さて、前置きが長くなりましたが、今回は第1回ということで「アイドルとあなた」という最も根本的で普遍的な存在について考えていきたいと思います。
「アイドル、色々」とタイトルにつけた通り、現在のアイドルを取り巻く要素は色々で、その影響の及ぶ範囲は今も拡大し続けています。
しかし、言葉だけが拡大・縮小・コピーを繰り返されるうちに人々の間で「アイドル」の定義は曖昧なものになり、「誰でもアイドルになれる」という華々しい言葉には「誰もアイドルではない」という虚無感が表裏一体としてつきまとっているようにも感じます。
アイドル=IDOLは“偶像”と訳されます。しかしながら、いまアイドルとして活動している多くの子たちの在り方は必ずしも偶像的ではなく、むしろ限りなく実在的で身近です。
人間離れしたスター性を持つものこそがアイドルだと信じられた時代を経てその価値観が廃れないまま、ほとんど真逆の存在が同じアイドルとして急速に市民権を得て行く様はなんだかおかしくて、痛快ですらあります。「アイドル」とは、なんと大らかな名詞なのでしょう。
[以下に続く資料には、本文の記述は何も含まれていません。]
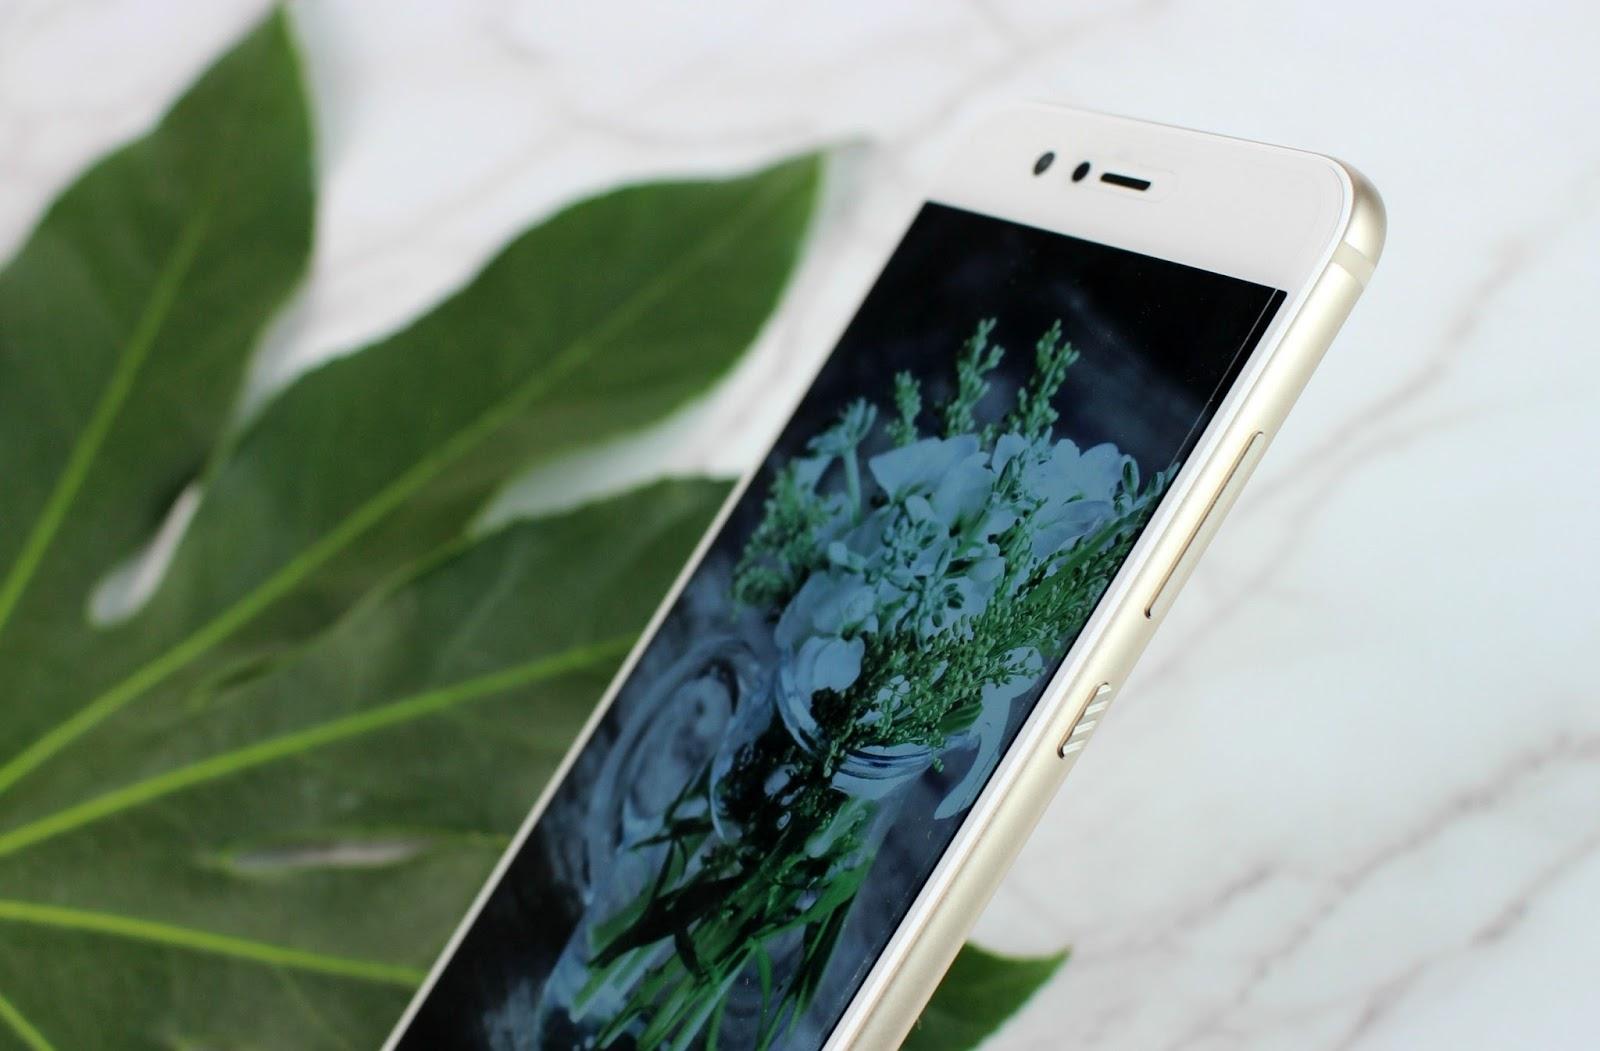 20 megapixel frontkamera, aluminiumgehäuse, android, bokeh, dual hauptkamera, dual sim, erfahrung, huawei, nova 2, prestige gold, review, selfie superstar, smartphone der gehobenen mittelklasse, test, testbericht,

しかし、アイドルは見る人が認めなければ「アイドル」にはなれません。
いくら頑張って歌って踊っても、受け手の承認なしには存在自体が確立できないのです。でもその論理を逆手に取れば、よく行くコンビニの店員さんもあなたにとってのアイドルになり得ます。アイドルにとってあなたの存在は絶対に不可欠です。「アイドル」という存在の定義に大きな変化が起こっても、受け手である「あなた」の立場の重要性は変わることがありません。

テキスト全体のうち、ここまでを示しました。